Define a linear transformation $f: \mathbb{R}^3 \to \mathbb{R}^3$ such that:

  • $\{x \in \mathbb{R}^3: f(x) = (1, 1, 1)\} = \{x \in \mathbb{R}^3: x_1 + x_2 + x_3 = 1, x_2 - x_3 = 2\}$
  • $Im(f) = \langle(1, 2, 3), (0, 1, 2)\rangle$.

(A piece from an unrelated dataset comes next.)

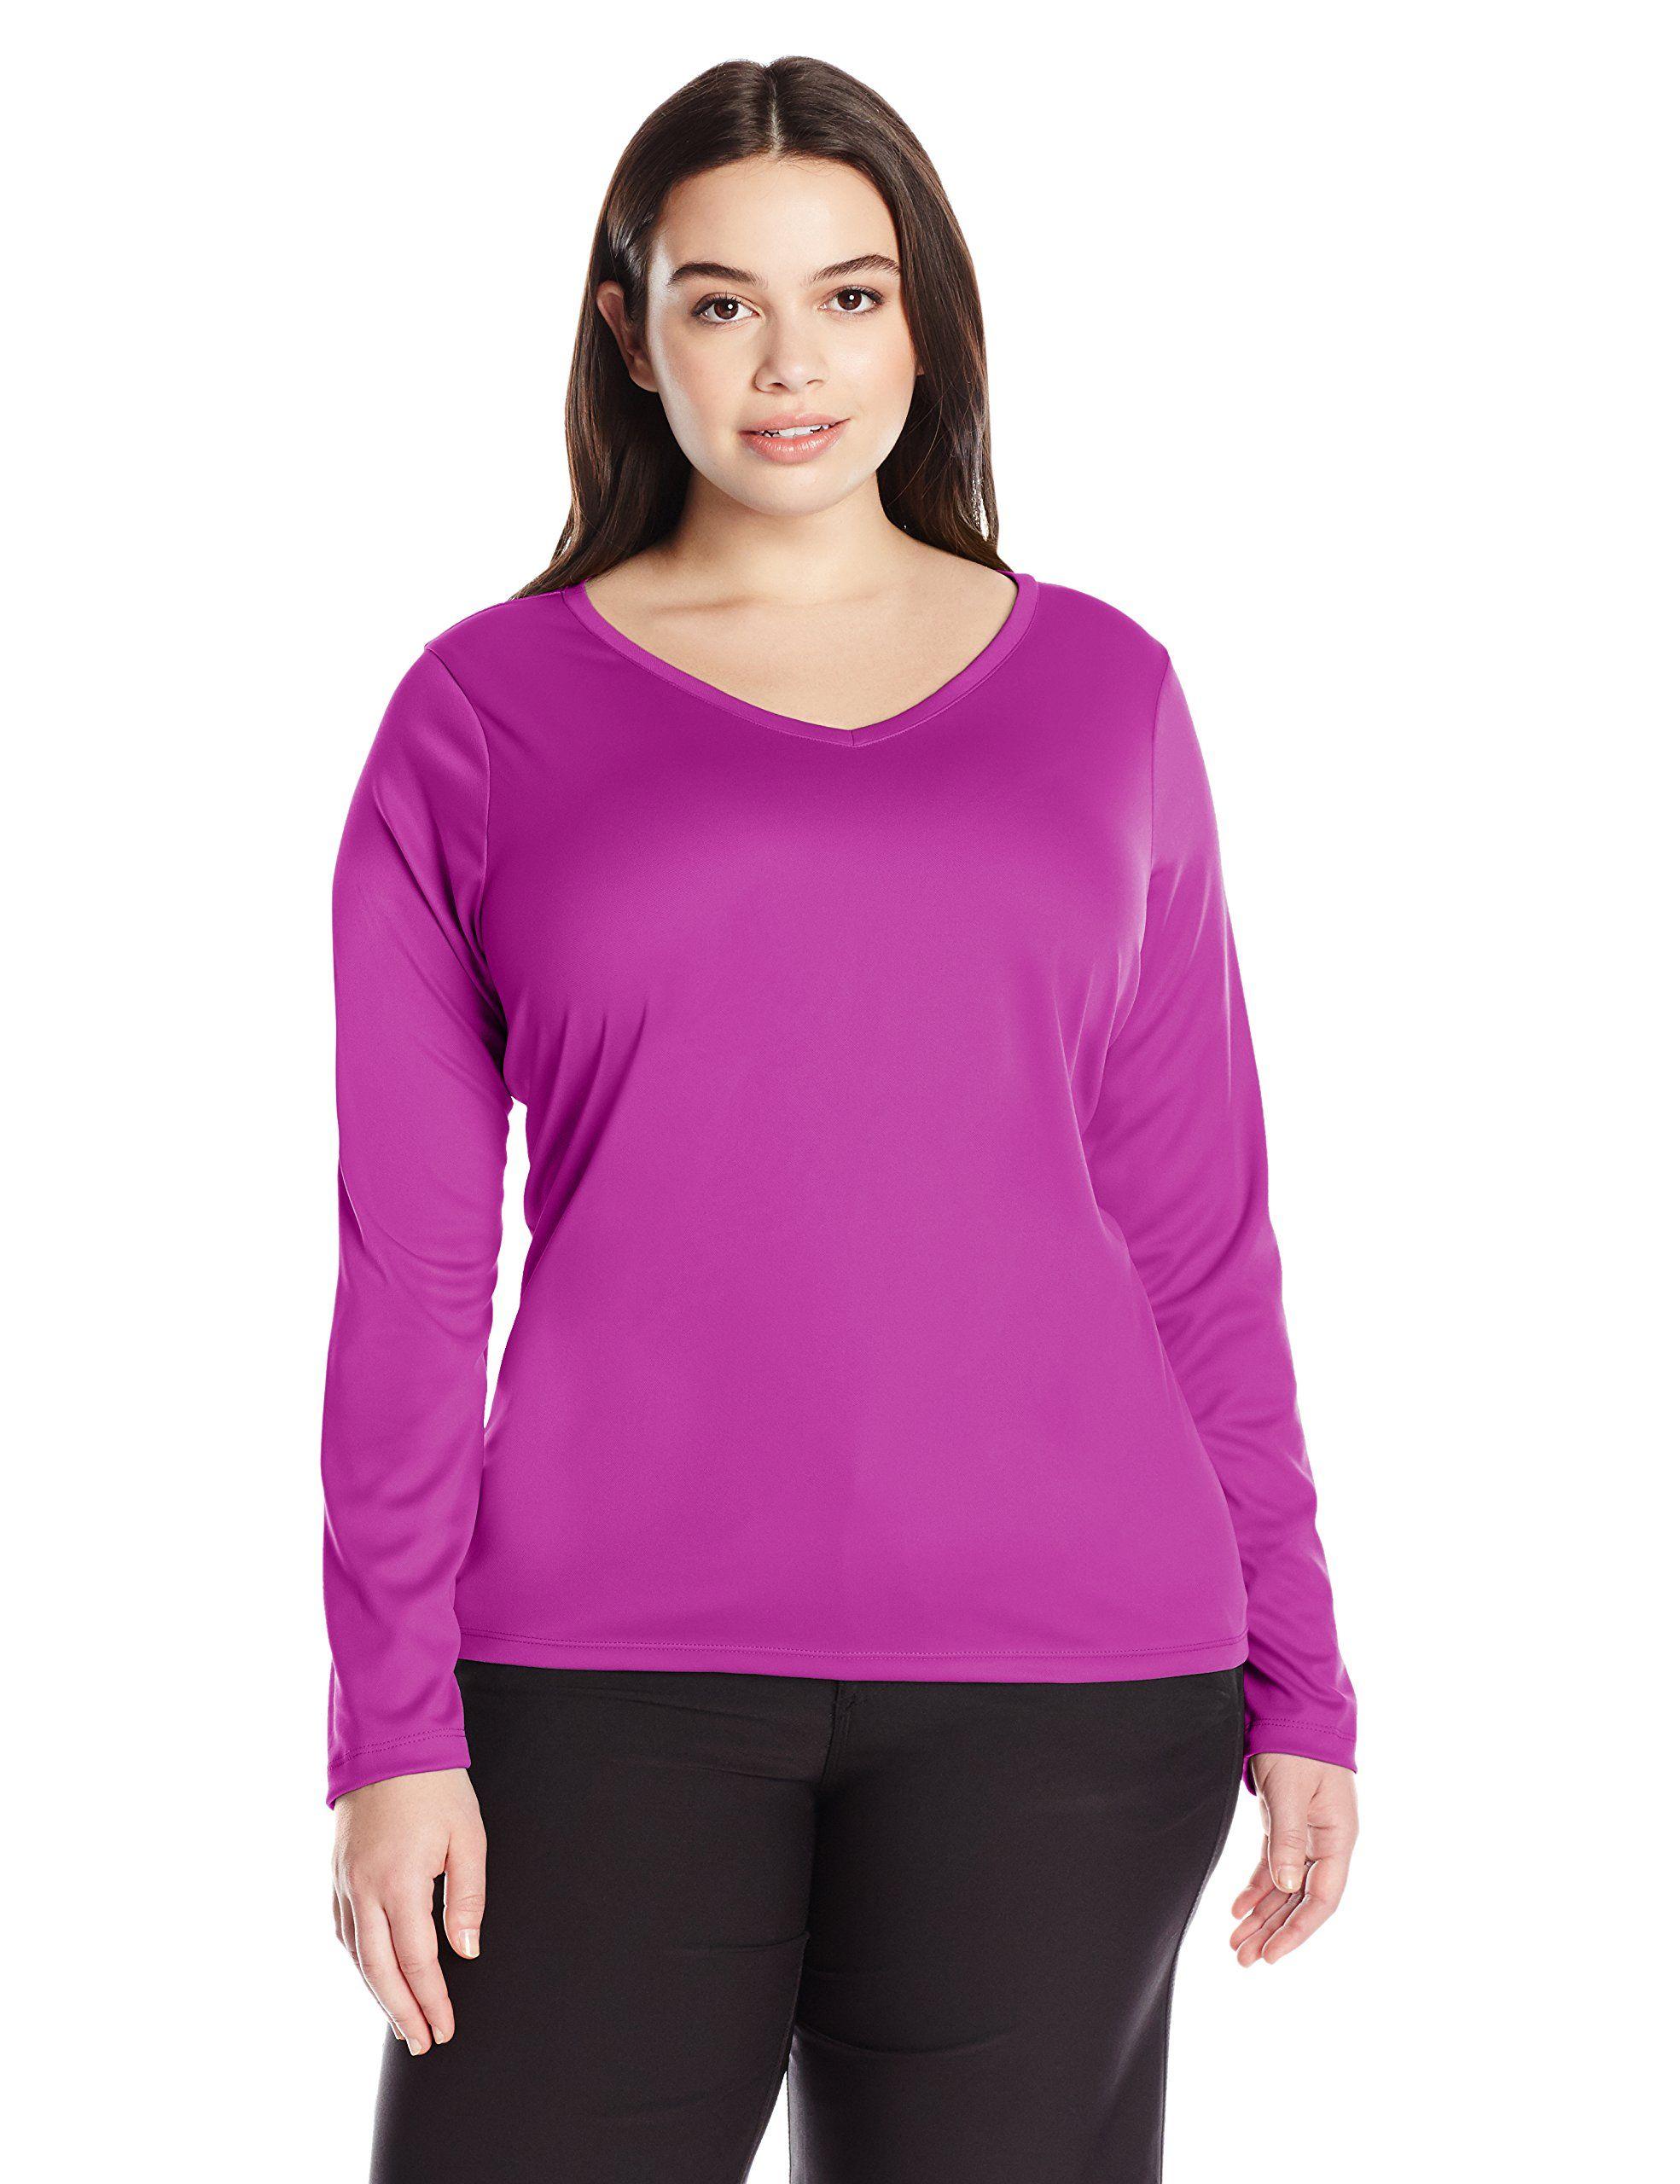 e400acb7c5d Kanu Surf Women s Plus Size Solid Upf 50+ Long Sleeve Swim Shirt Rashguard

Solving the equations for the preimage of $(1,1,1)$, I get that $f^{-1}(1,1,1) = \langle(-2, 1, 0)\rangle + (-1, 2 0)$. In case the notation isn't clear, this represents the line parallel to $(-2,1,0)$ that goes through $(-1,2,0)$. The equation $f(x) = (1,1,1)$ is a non homogeneous linear system. Therefore, $\langle(-2,1,0)\rangle$ must be the solution to $f(x) = 0$, and $f(-1,2,0)$ must be $(1,1,1)$. This tells us right away that the kernel of $f$ is $\langle(-2,1,0)\rangle$. We can begin writing the values of $f$ for some basis of $\mathbb{R}^3$:

$$\begin{align} f(-2,1,0) &= 0 \\ f(-1,2,0) &= (1,1,1) \end{align} $$

Now, I would think that the only restriction I have for the third vector is that its image should complete a basis for $Im(f)$. We can use, for example, $(1,3,5)$, because $\langle(1,1,1),(1,3,5)\rangle = \langle(1,2,3),(0,1,2)\rangle = Im(f)$. As for the third element of the basis of $\mathbb{R}^3$, I don't see any particular restriction for it, so I'll just use $(0,0,1)$. We can define $f$ like this, then:

$$\begin{align} f(-2,1,0) &= 0 \\ f(-1,2,0) &= (1,1,1) \\ f(0,0,1) &= (1,3,5) \end{align}$$

This looks all right. But if I change to the canonical basis, write the matrix of $f$ and try to solve the system $f(x) = (1,1,1)$, I get something different than what it should be. I even used WolframAlpha to make sure I hadn't messed up when solving the linear systems. What am I doing wrong here?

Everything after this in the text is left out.